Top of Supplied data
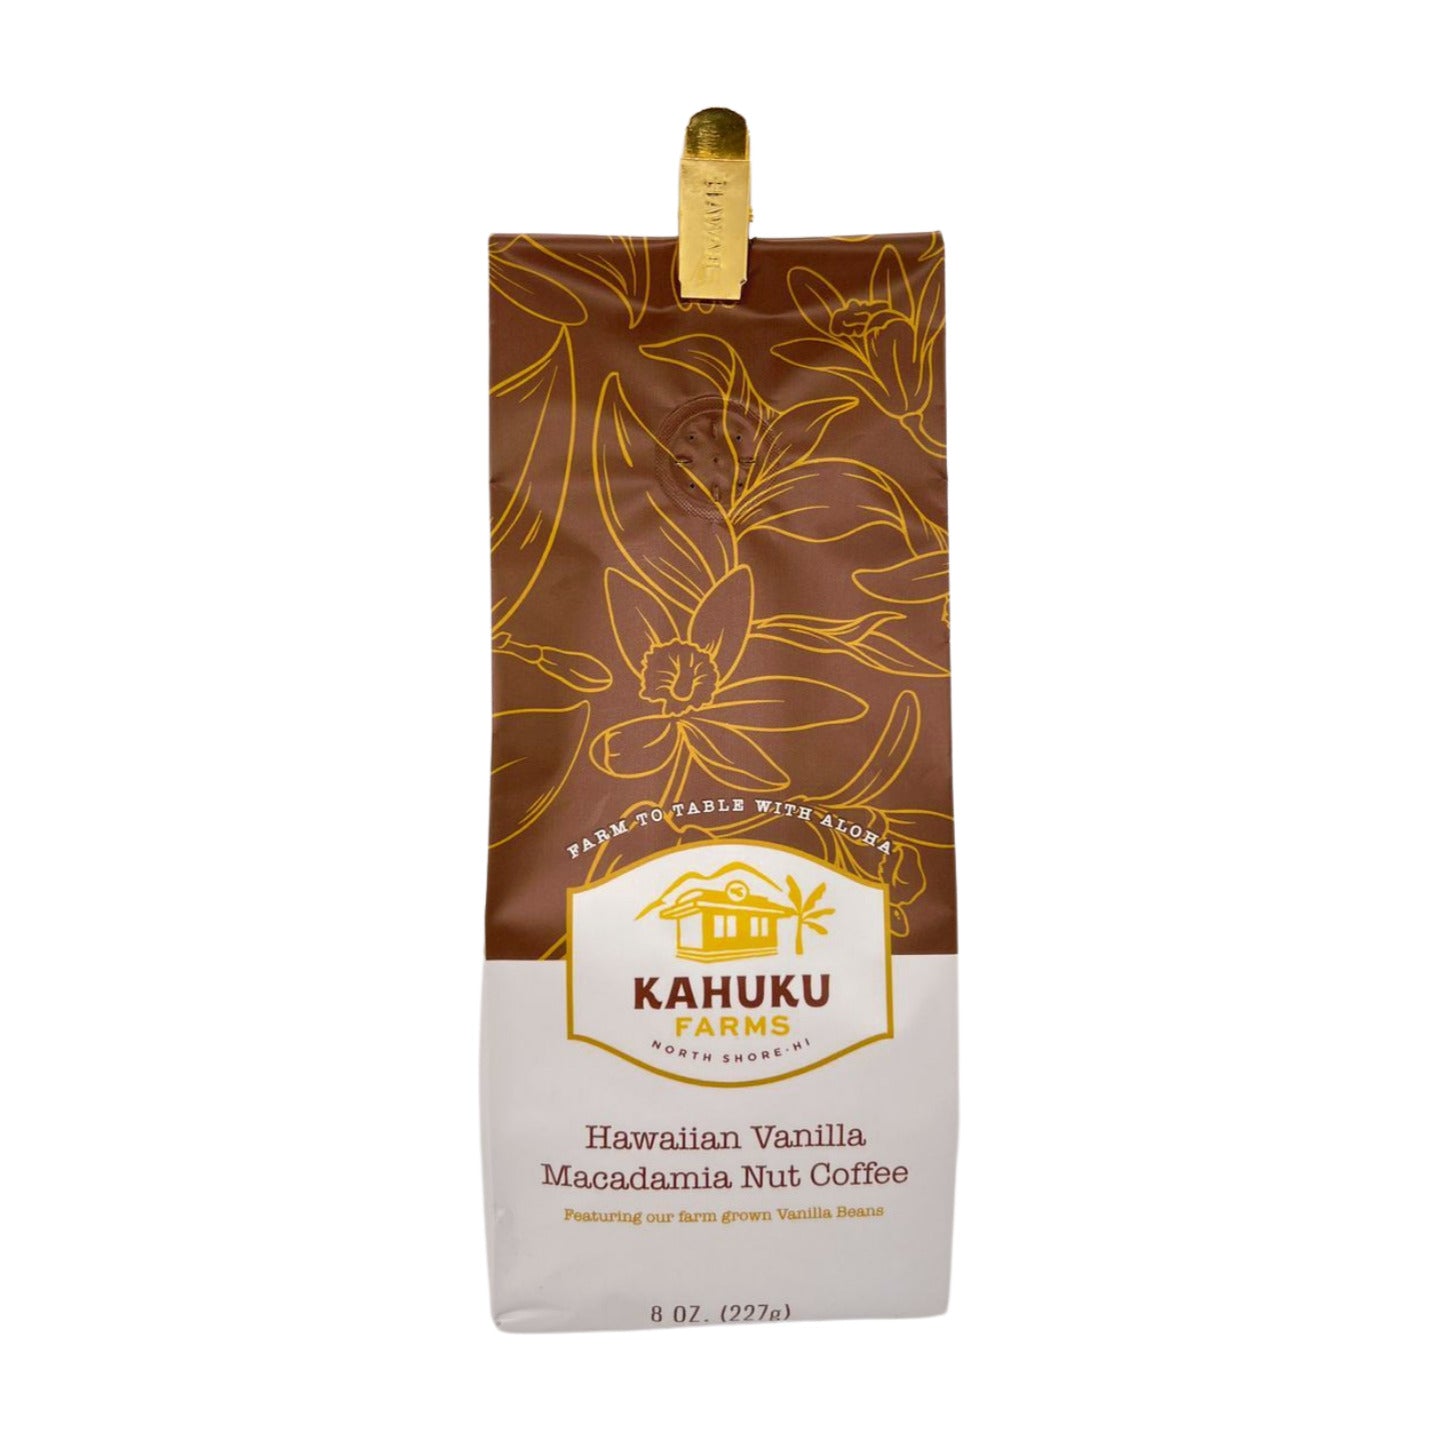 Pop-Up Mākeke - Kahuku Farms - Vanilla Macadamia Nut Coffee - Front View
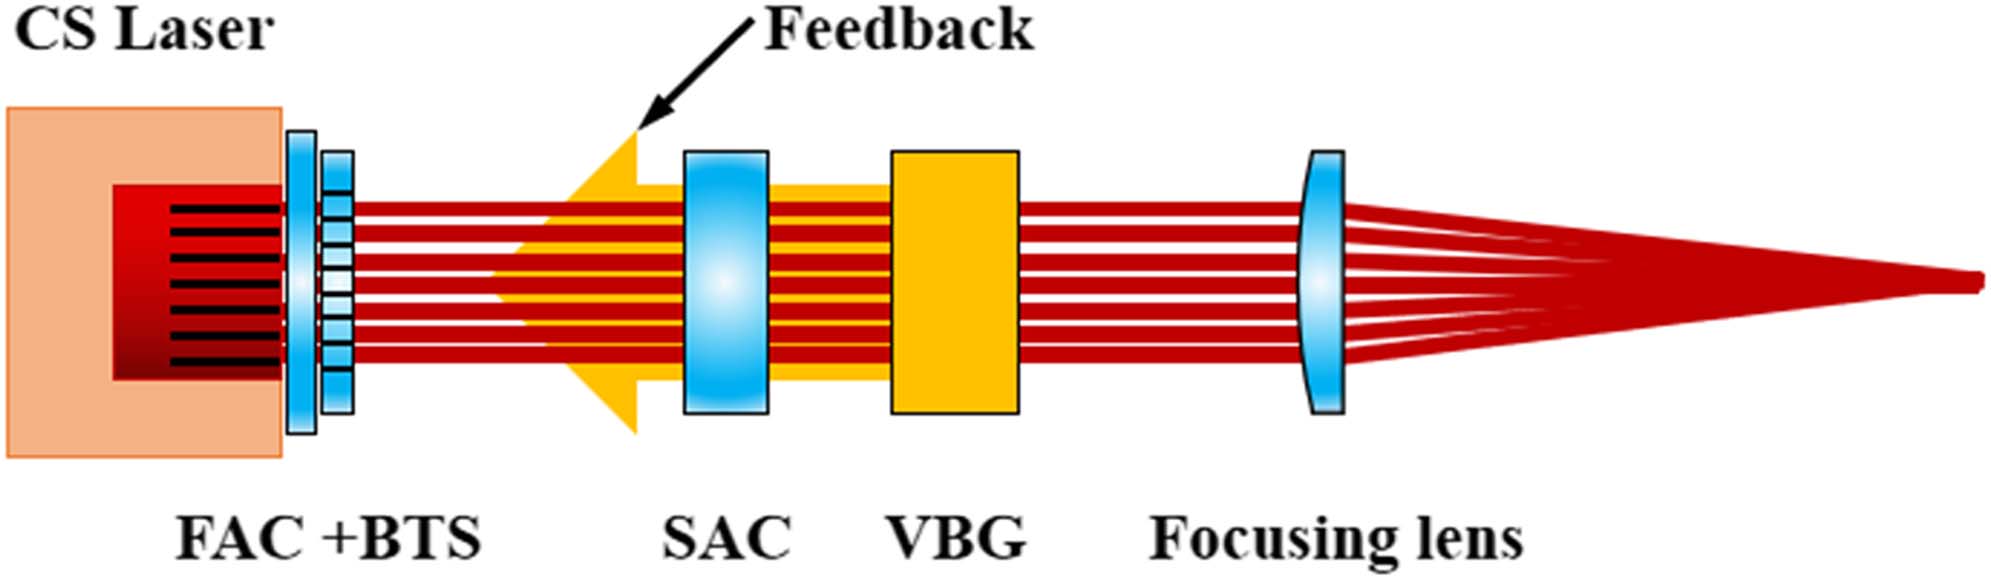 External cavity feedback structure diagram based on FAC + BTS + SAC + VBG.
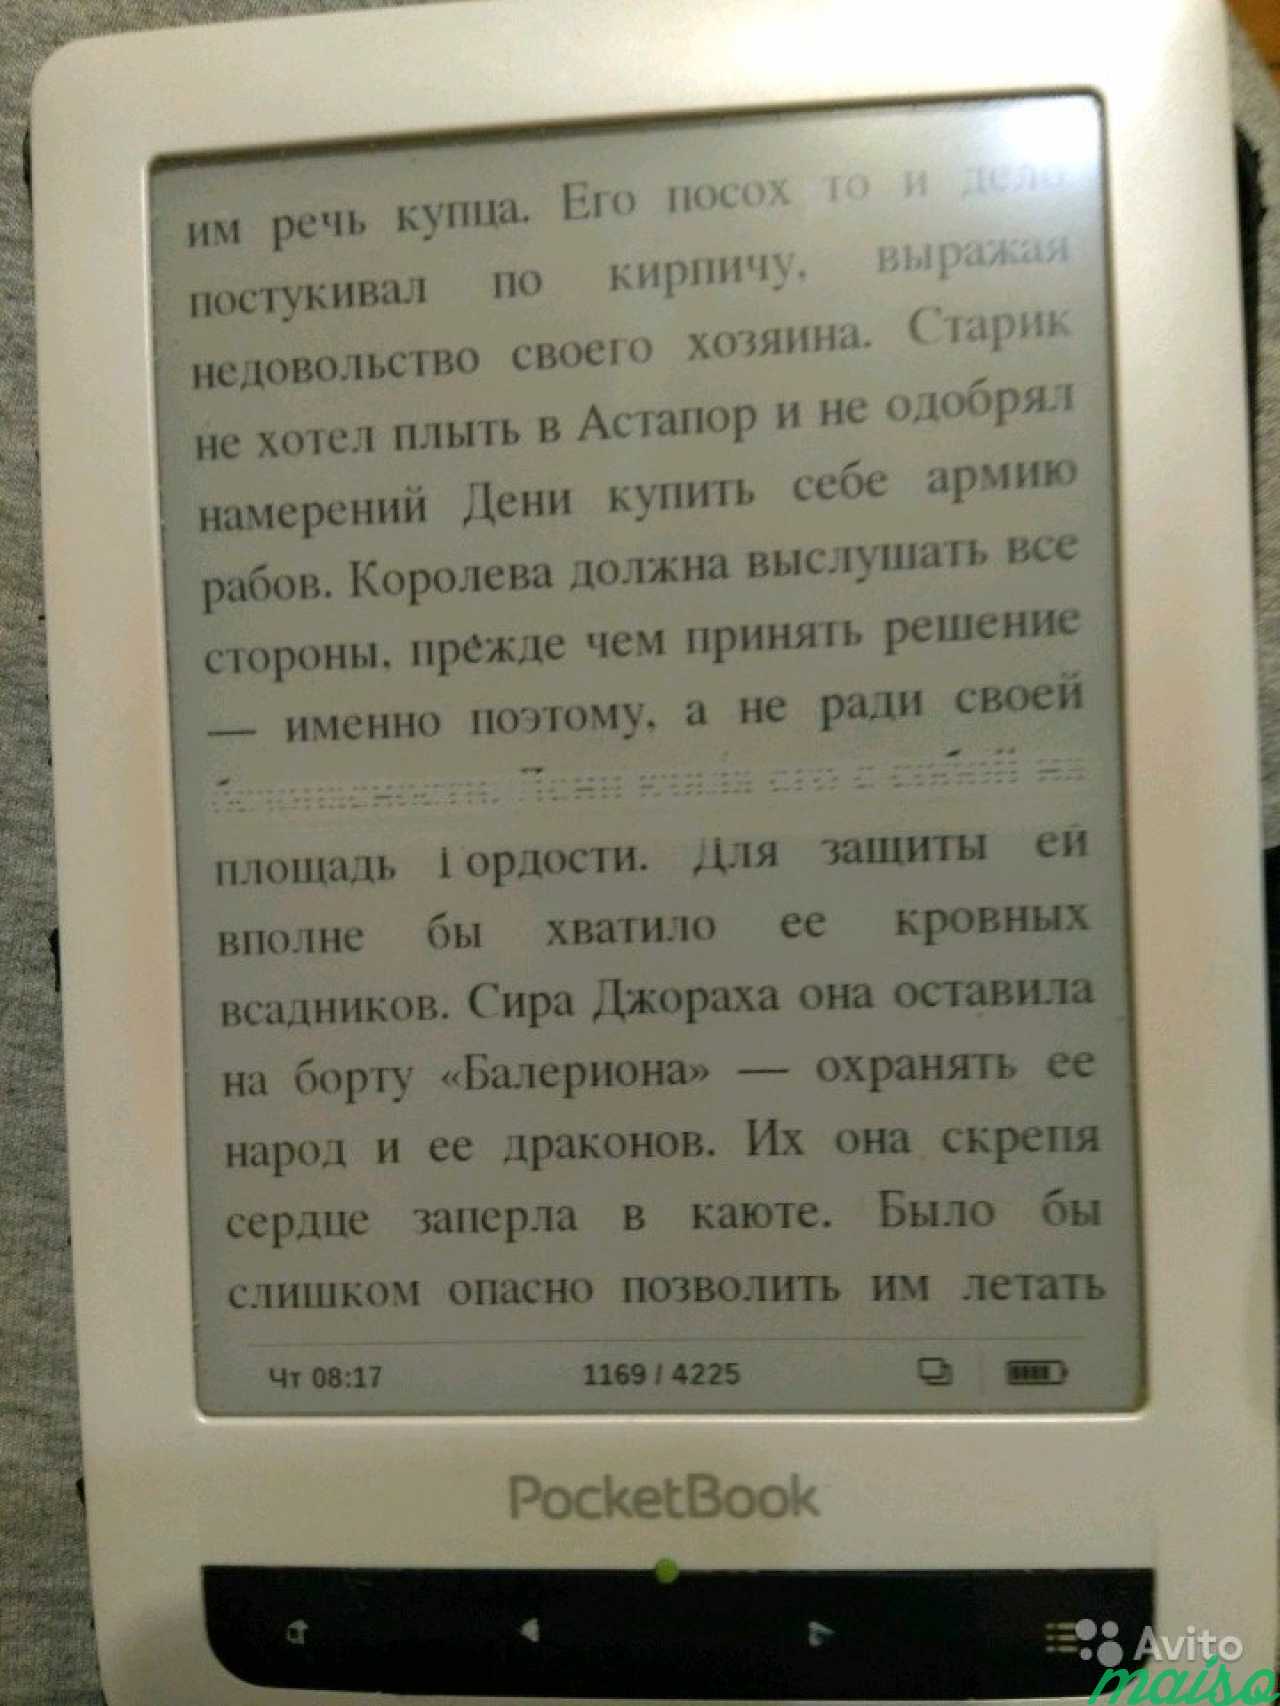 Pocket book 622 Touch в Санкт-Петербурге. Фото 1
Bottom of Supplied data
(What you should do): Without the pictures, transcribe exactly the lines above from the one containing "External cavity feedback" through the last.

(Worked solution):
 External cavity feedback structure diagram based on FAC + BTS + SAC + VBG.
 Pocket book 622 Touch в Санкт-Петербурге. Фото 1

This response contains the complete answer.